Listed records: Begin
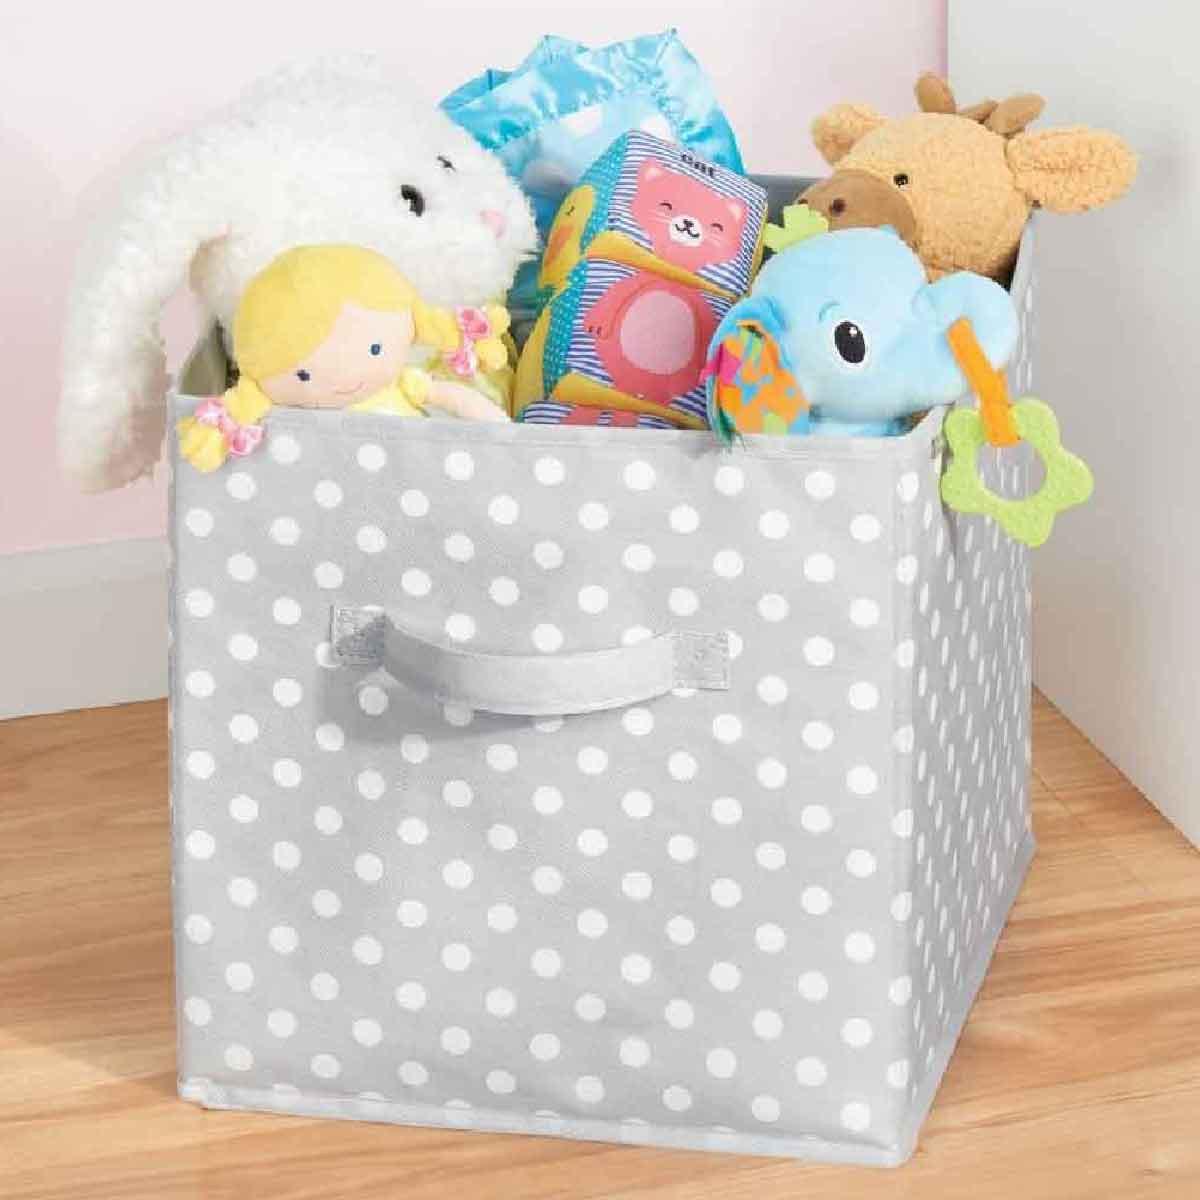 Boite de rangement cube fashion designs - Cube rangement tissu ...
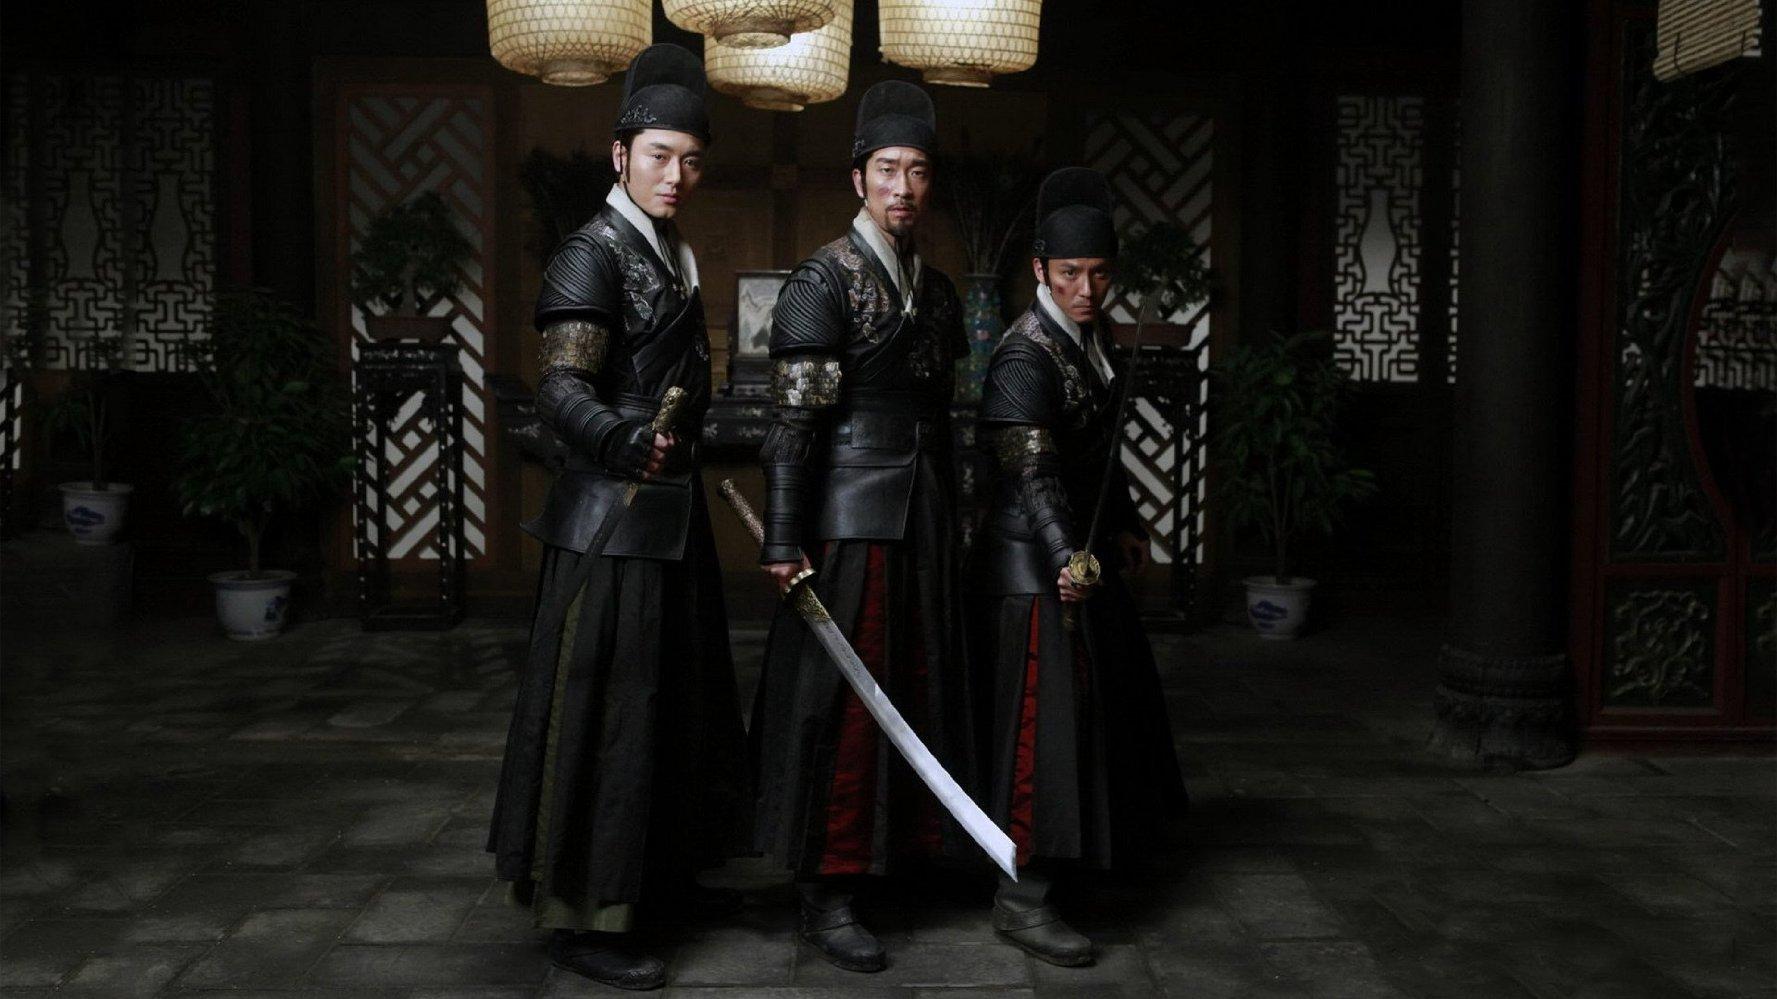 Brotherhood Of Blades [Audio: China]
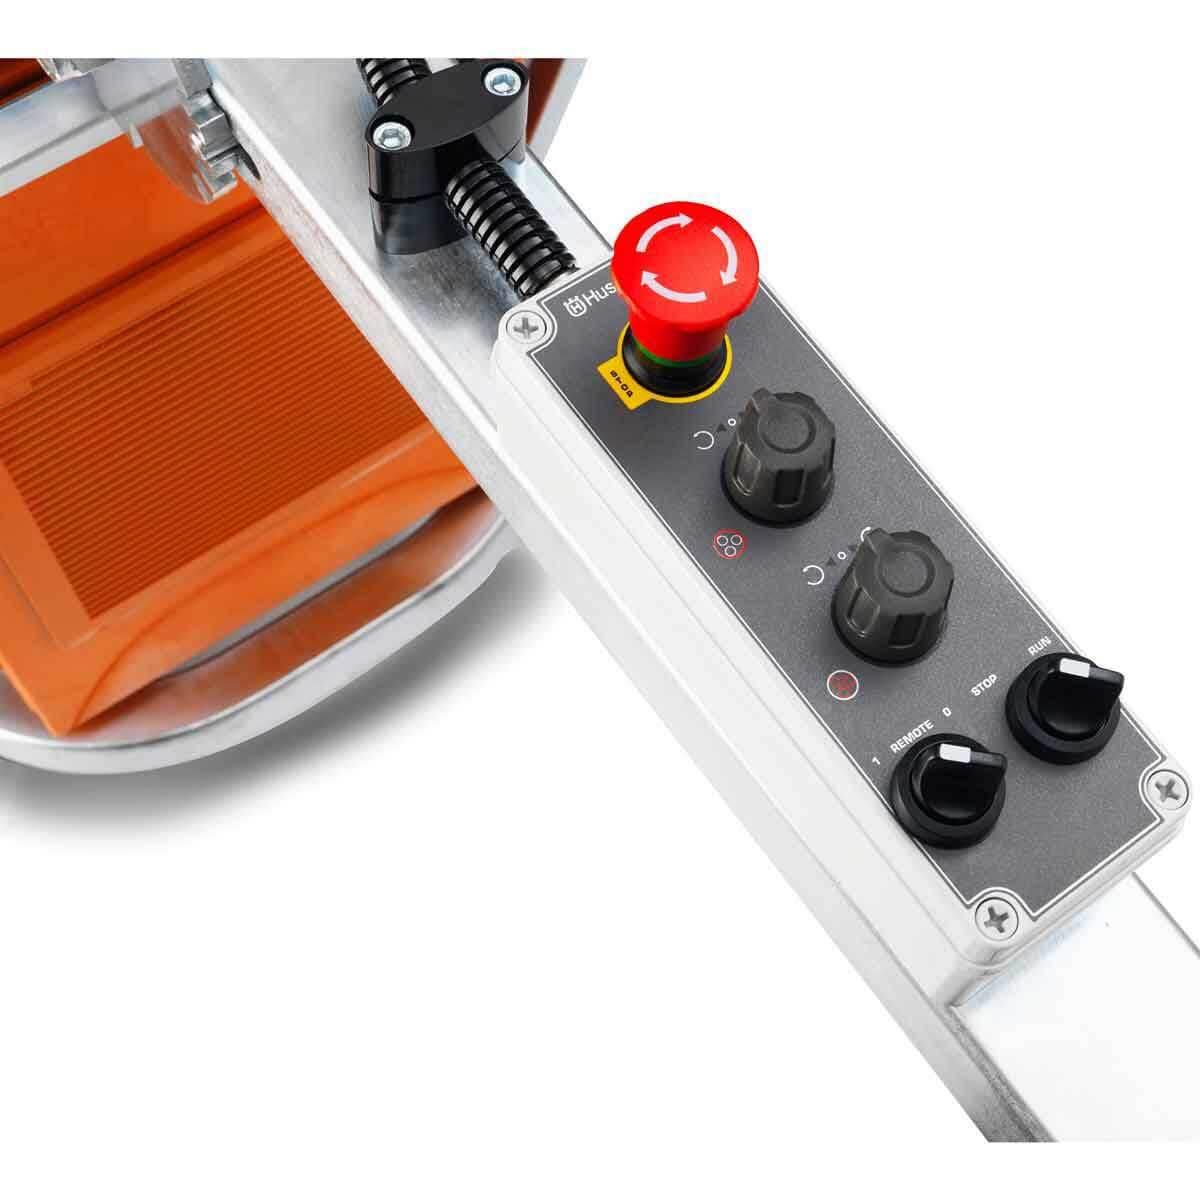 Husqvarna PG820 RC remote control
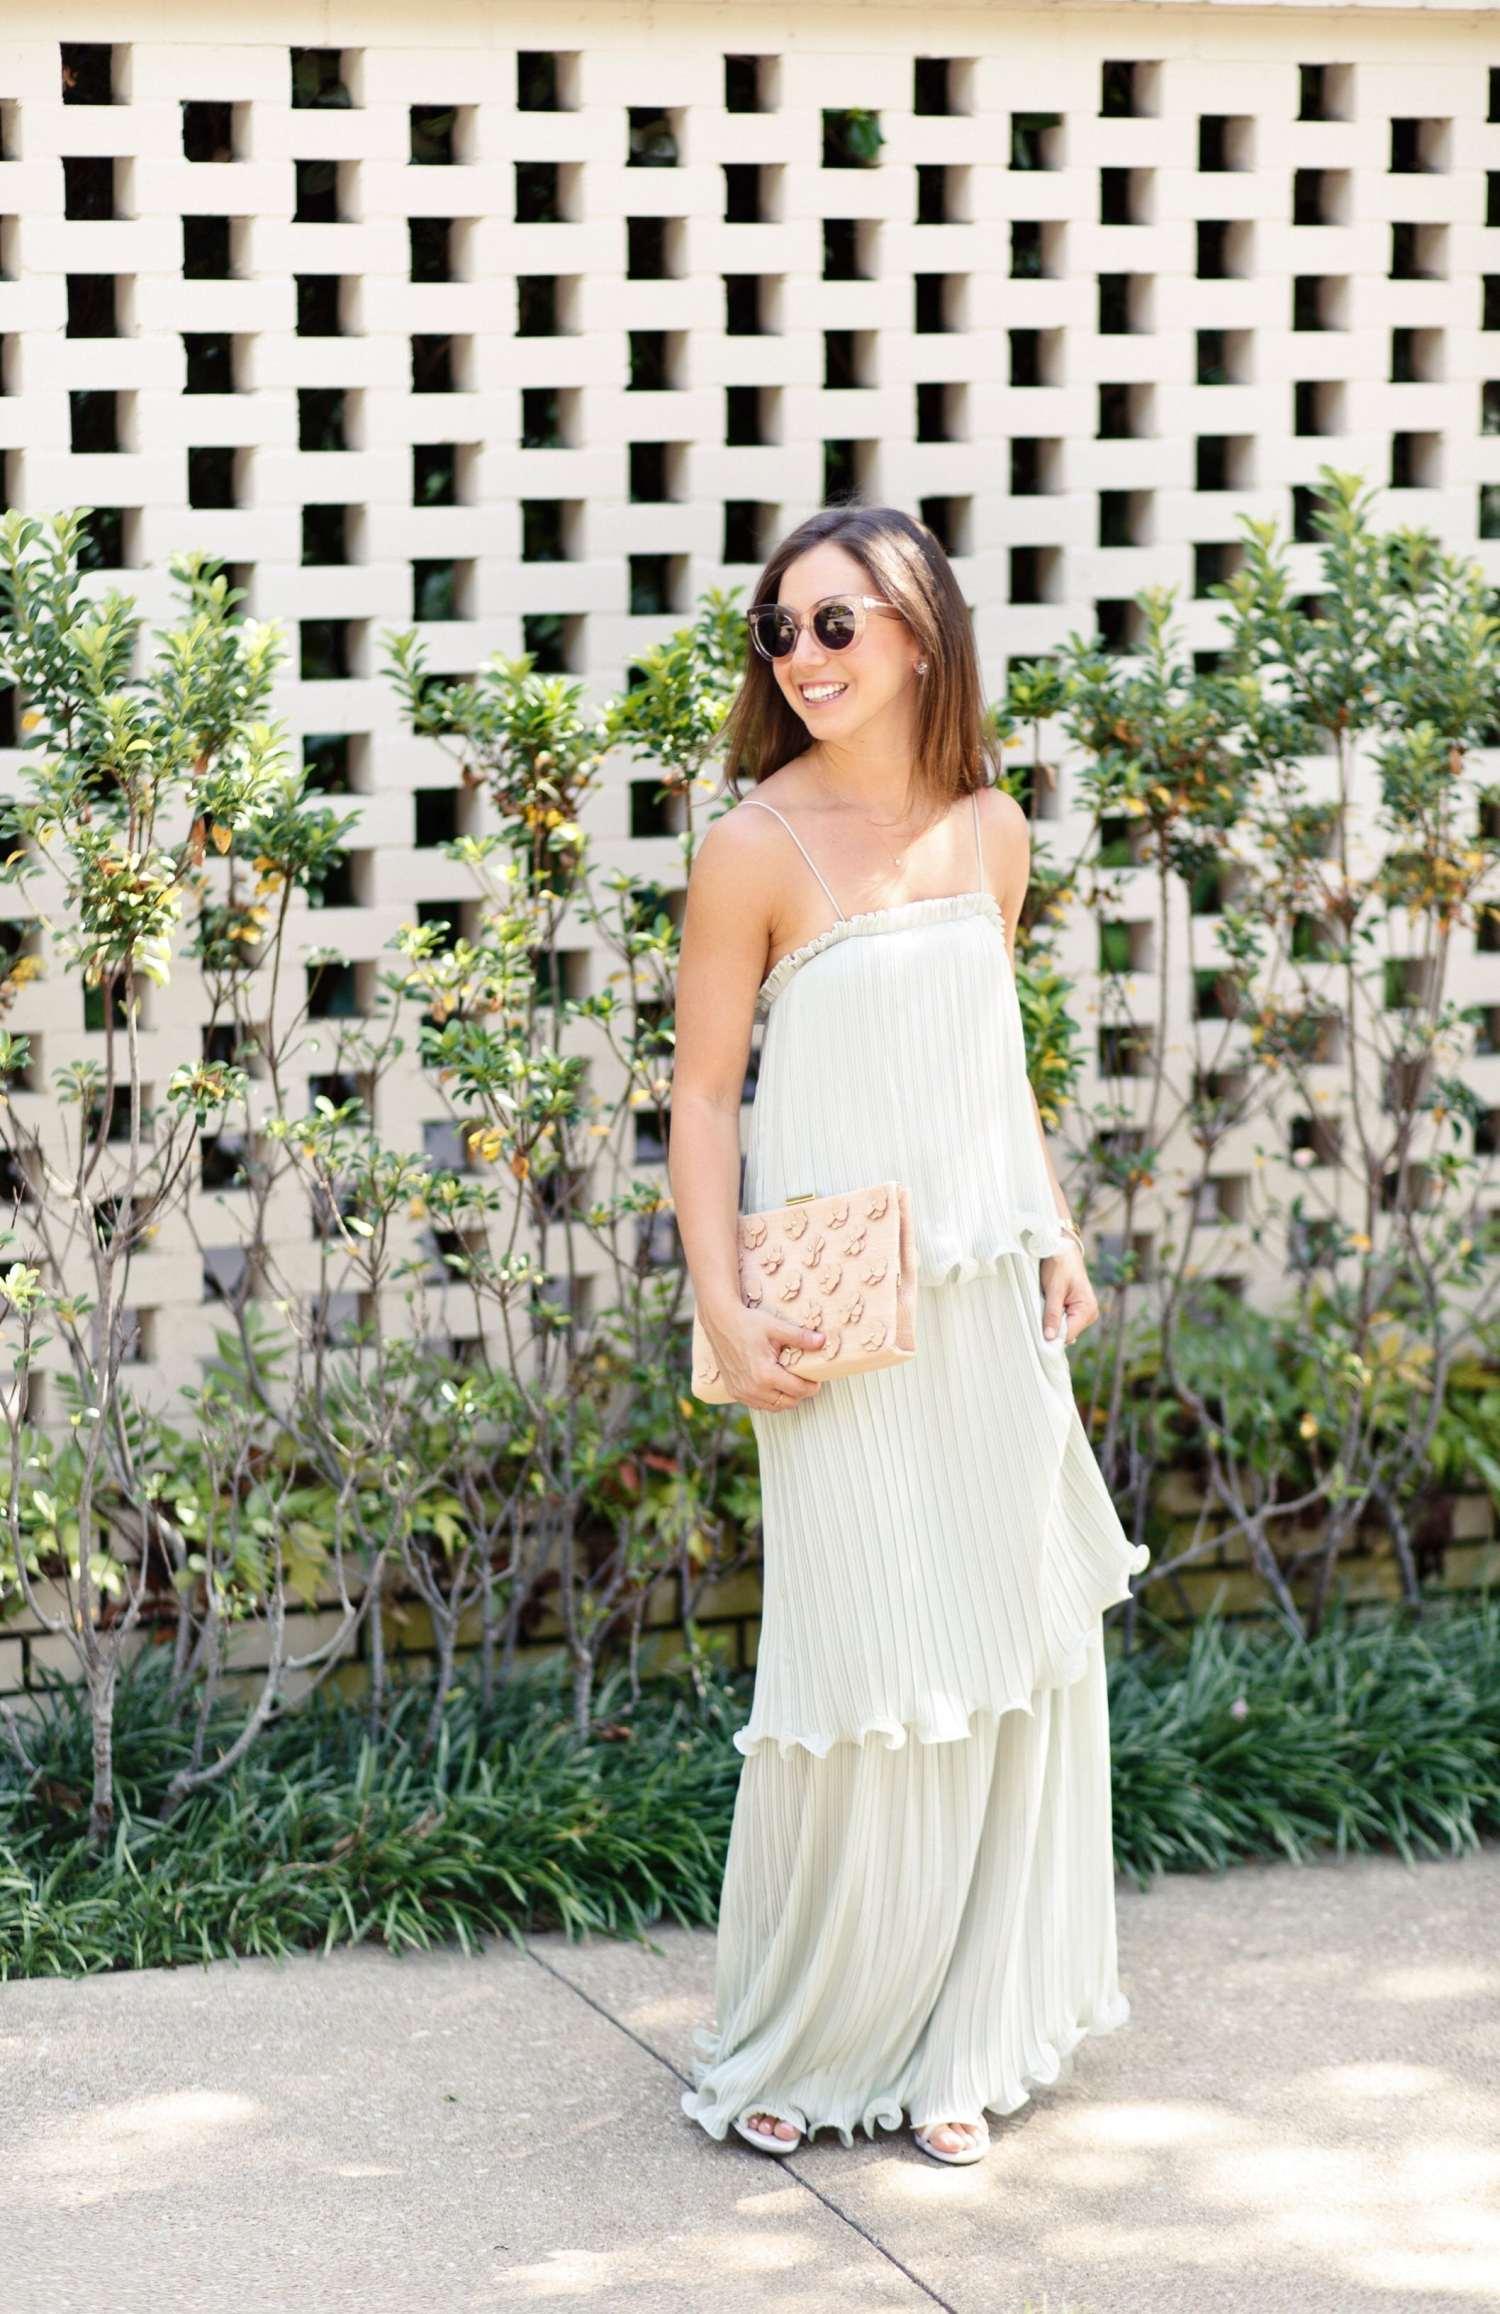 Asos petite wedding guest dresses for Petite dresses for a wedding guest
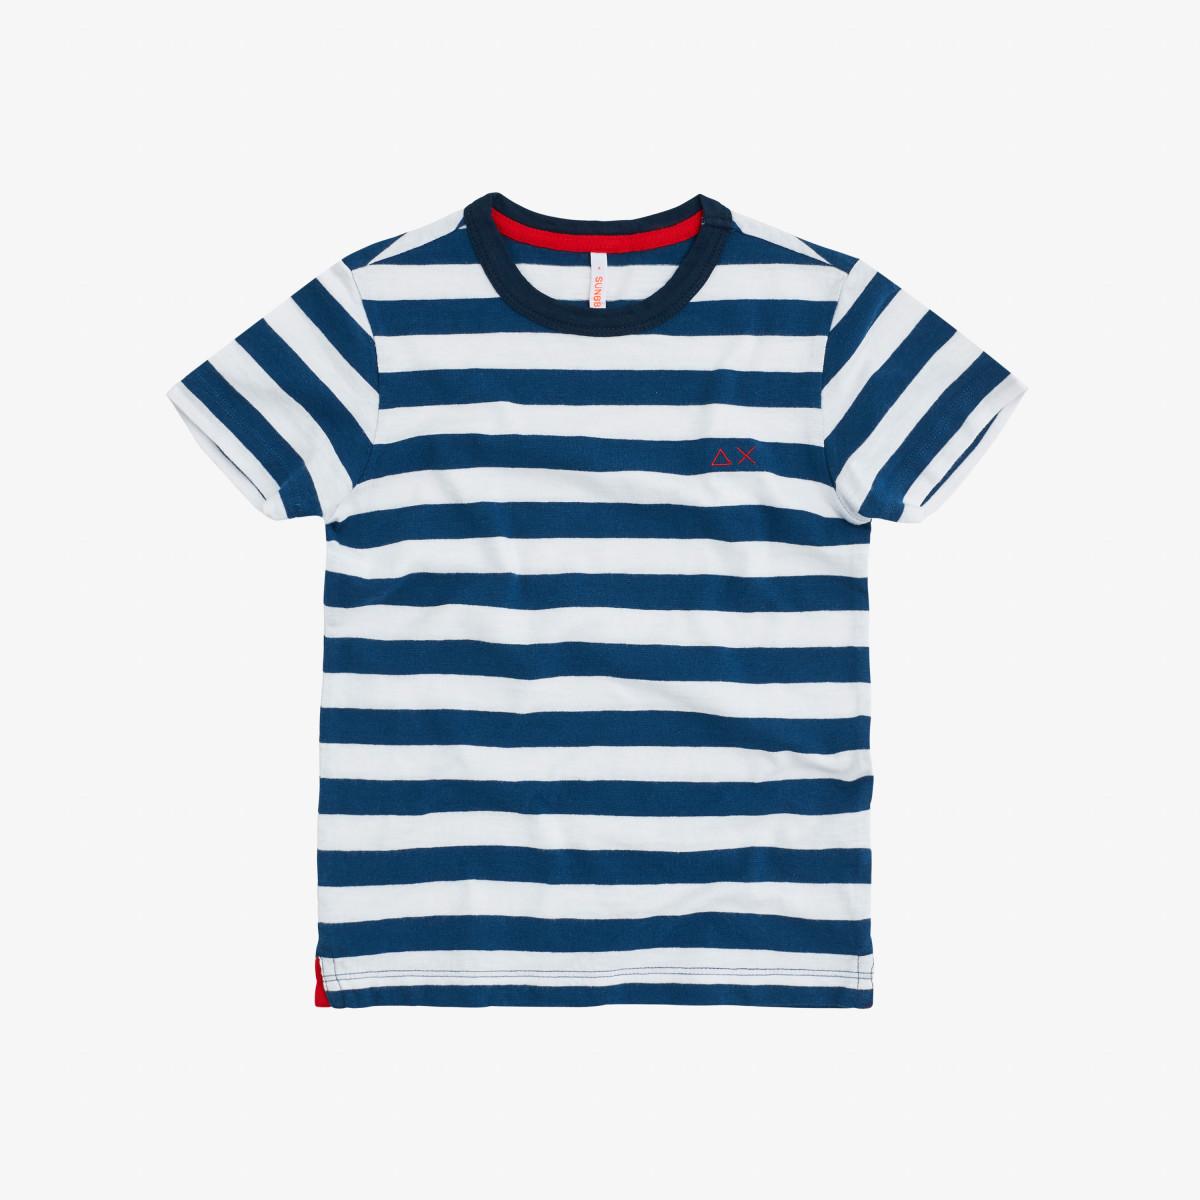 BOY'S T-SHIRT ROUND FULL STRIPES BLUE/WHITE
Listed records: End
» Task requirements
In the records above, locate the line with "Husqvarna PG820 RC remote control"; output it and each line after it through the last one, exactly, omitting pictures.

» Response
 Husqvarna PG820 RC remote control
 Asos petite wedding guest dresses for Petite dresses for a wedding guest
 BOY'S T-SHIRT ROUND FULL STRIPES BLUE/WHITE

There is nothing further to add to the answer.